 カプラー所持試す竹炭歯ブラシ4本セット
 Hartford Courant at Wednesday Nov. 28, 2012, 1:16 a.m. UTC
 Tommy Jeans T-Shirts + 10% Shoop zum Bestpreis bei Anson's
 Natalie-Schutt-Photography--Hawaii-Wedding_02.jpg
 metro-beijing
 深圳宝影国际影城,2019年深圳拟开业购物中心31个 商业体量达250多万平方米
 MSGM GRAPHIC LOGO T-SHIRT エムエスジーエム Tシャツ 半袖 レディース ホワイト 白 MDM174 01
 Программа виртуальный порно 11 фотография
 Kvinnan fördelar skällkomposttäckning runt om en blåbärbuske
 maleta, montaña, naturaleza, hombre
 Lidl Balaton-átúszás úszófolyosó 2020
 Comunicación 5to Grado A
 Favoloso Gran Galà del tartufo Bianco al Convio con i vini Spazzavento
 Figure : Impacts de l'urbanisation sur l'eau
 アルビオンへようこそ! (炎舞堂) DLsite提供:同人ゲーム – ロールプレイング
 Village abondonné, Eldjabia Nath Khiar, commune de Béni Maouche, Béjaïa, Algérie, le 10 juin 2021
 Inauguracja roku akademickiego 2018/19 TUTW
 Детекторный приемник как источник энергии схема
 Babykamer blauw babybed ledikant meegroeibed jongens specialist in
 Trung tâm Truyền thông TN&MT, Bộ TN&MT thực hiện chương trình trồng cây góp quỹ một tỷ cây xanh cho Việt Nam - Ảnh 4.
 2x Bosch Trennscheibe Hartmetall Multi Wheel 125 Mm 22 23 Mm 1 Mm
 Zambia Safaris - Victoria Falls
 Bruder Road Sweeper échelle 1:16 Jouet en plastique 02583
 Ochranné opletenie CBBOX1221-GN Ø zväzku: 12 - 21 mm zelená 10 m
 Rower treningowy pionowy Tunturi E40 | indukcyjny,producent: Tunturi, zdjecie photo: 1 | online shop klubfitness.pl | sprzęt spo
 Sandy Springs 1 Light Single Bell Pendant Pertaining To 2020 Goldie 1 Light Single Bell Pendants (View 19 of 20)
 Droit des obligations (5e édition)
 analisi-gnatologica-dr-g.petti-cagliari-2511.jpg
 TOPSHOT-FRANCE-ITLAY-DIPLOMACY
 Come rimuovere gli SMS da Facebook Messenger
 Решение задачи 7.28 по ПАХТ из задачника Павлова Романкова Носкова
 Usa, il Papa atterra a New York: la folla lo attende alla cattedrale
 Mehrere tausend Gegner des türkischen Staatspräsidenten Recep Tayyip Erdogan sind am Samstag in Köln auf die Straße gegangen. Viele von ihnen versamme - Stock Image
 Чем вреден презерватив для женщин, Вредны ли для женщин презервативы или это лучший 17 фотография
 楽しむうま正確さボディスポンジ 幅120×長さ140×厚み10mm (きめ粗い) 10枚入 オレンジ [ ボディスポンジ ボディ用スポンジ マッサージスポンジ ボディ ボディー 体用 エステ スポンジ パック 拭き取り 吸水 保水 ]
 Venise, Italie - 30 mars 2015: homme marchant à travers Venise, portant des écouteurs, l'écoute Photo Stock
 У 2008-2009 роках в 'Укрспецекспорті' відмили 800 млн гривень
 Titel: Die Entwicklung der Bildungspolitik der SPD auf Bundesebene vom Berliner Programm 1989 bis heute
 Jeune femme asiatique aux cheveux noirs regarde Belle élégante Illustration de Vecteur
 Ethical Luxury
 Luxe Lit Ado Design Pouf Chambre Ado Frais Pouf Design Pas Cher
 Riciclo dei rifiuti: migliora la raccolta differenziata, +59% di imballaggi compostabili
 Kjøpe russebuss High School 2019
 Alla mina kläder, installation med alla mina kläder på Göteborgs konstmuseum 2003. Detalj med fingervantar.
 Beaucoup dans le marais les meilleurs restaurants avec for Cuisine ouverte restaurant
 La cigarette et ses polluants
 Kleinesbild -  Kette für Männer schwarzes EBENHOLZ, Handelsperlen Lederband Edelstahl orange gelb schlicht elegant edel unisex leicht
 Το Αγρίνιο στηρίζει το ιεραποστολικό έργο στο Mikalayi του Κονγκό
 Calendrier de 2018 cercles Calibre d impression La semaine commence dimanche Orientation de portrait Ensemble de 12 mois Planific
:::
▸ EXERCISE AIM: Every entry needs to be written out again, exactly as given.

▸ OUTPUT FOR THIS EXERCISE:
 カプラー所持試す竹炭歯ブラシ4本セット
 Hartford Courant at Wednesday Nov. 28, 2012, 1:16 a.m. UTC
 Tommy Jeans T-Shirts + 10% Shoop zum Bestpreis bei Anson's
 Natalie-Schutt-Photography--Hawaii-Wedding_02.jpg
 metro-beijing
 深圳宝影国际影城,2019年深圳拟开业购物中心31个 商业体量达250多万平方米
 MSGM GRAPHIC LOGO T-SHIRT エムエスジーエム Tシャツ 半袖 レディース ホワイト 白 MDM174 01
 Программа виртуальный порно 11 фотография
 Kvinnan fördelar skällkomposttäckning runt om en blåbärbuske
 maleta, montaña, naturaleza, hombre
 Lidl Balaton-átúszás úszófolyosó 2020
 Comunicación 5to Grado A
 Favoloso Gran Galà del tartufo Bianco al Convio con i vini Spazzavento
 Figure : Impacts de l'urbanisation sur l'eau
 アルビオンへようこそ! (炎舞堂) DLsite提供:同人ゲーム – ロールプレイング
 Village abondonné, Eldjabia Nath Khiar, commune de Béni Maouche, Béjaïa, Algérie, le 10 juin 2021
 Inauguracja roku akademickiego 2018/19 TUTW
 Детекторный приемник как источник энергии схема
 Babykamer blauw babybed ledikant meegroeibed jongens specialist in
 Trung tâm Truyền thông TN&MT, Bộ TN&MT thực hiện chương trình trồng cây góp quỹ một tỷ cây xanh cho Việt Nam - Ảnh 4.
 2x Bosch Trennscheibe Hartmetall Multi Wheel 125 Mm 22 23 Mm 1 Mm
 Zambia Safaris - Victoria Falls
 Bruder Road Sweeper échelle 1:16 Jouet en plastique 02583
 Ochranné opletenie CBBOX1221-GN Ø zväzku: 12 - 21 mm zelená 10 m
 Rower treningowy pionowy Tunturi E40 | indukcyjny,producent: Tunturi, zdjecie photo: 1 | online shop klubfitness.pl | sprzęt spo
 Sandy Springs 1 Light Single Bell Pendant Pertaining To 2020 Goldie 1 Light Single Bell Pendants (View 19 of 20)
 Droit des obligations (5e édition)
 analisi-gnatologica-dr-g.petti-cagliari-2511.jpg
 TOPSHOT-FRANCE-ITLAY-DIPLOMACY
 Come rimuovere gli SMS da Facebook Messenger
 Решение задачи 7.28 по ПАХТ из задачника Павлова Романкова Носкова
 Usa, il Papa atterra a New York: la folla lo attende alla cattedrale
 Mehrere tausend Gegner des türkischen Staatspräsidenten Recep Tayyip Erdogan sind am Samstag in Köln auf die Straße gegangen. Viele von ihnen versamme - Stock Image
 Чем вреден презерватив для женщин, Вредны ли для женщин презервативы или это лучший 17 фотография
 楽しむうま正確さボディスポンジ 幅120×長さ140×厚み10mm (きめ粗い) 10枚入 オレンジ [ ボディスポンジ ボディ用スポンジ マッサージスポンジ ボディ ボディー 体用 エステ スポンジ パック 拭き取り 吸水 保水 ]
 Venise, Italie - 30 mars 2015: homme marchant à travers Venise, portant des écouteurs, l'écoute Photo Stock
 У 2008-2009 роках в 'Укрспецекспорті' відмили 800 млн гривень
 Titel: Die Entwicklung der Bildungspolitik der SPD auf Bundesebene vom Berliner Programm 1989 bis heute
 Jeune femme asiatique aux cheveux noirs regarde Belle élégante Illustration de Vecteur
 Ethical Luxury
 Luxe Lit Ado Design Pouf Chambre Ado Frais Pouf Design Pas Cher
 Riciclo dei rifiuti: migliora la raccolta differenziata, +59% di imballaggi compostabili
 Kjøpe russebuss High School 2019
 Alla mina kläder, installation med alla mina kläder på Göteborgs konstmuseum 2003. Detalj med fingervantar.
 Beaucoup dans le marais les meilleurs restaurants avec for Cuisine ouverte restaurant
 La cigarette et ses polluants
 Kleinesbild -  Kette für Männer schwarzes EBENHOLZ, Handelsperlen Lederband Edelstahl orange gelb schlicht elegant edel unisex leicht
 Το Αγρίνιο στηρίζει το ιεραποστολικό έργο στο Mikalayi του Κονγκό
 Calendrier de 2018 cercles Calibre d impression La semaine commence dimanche Orientation de portrait Ensemble de 12 mois Planific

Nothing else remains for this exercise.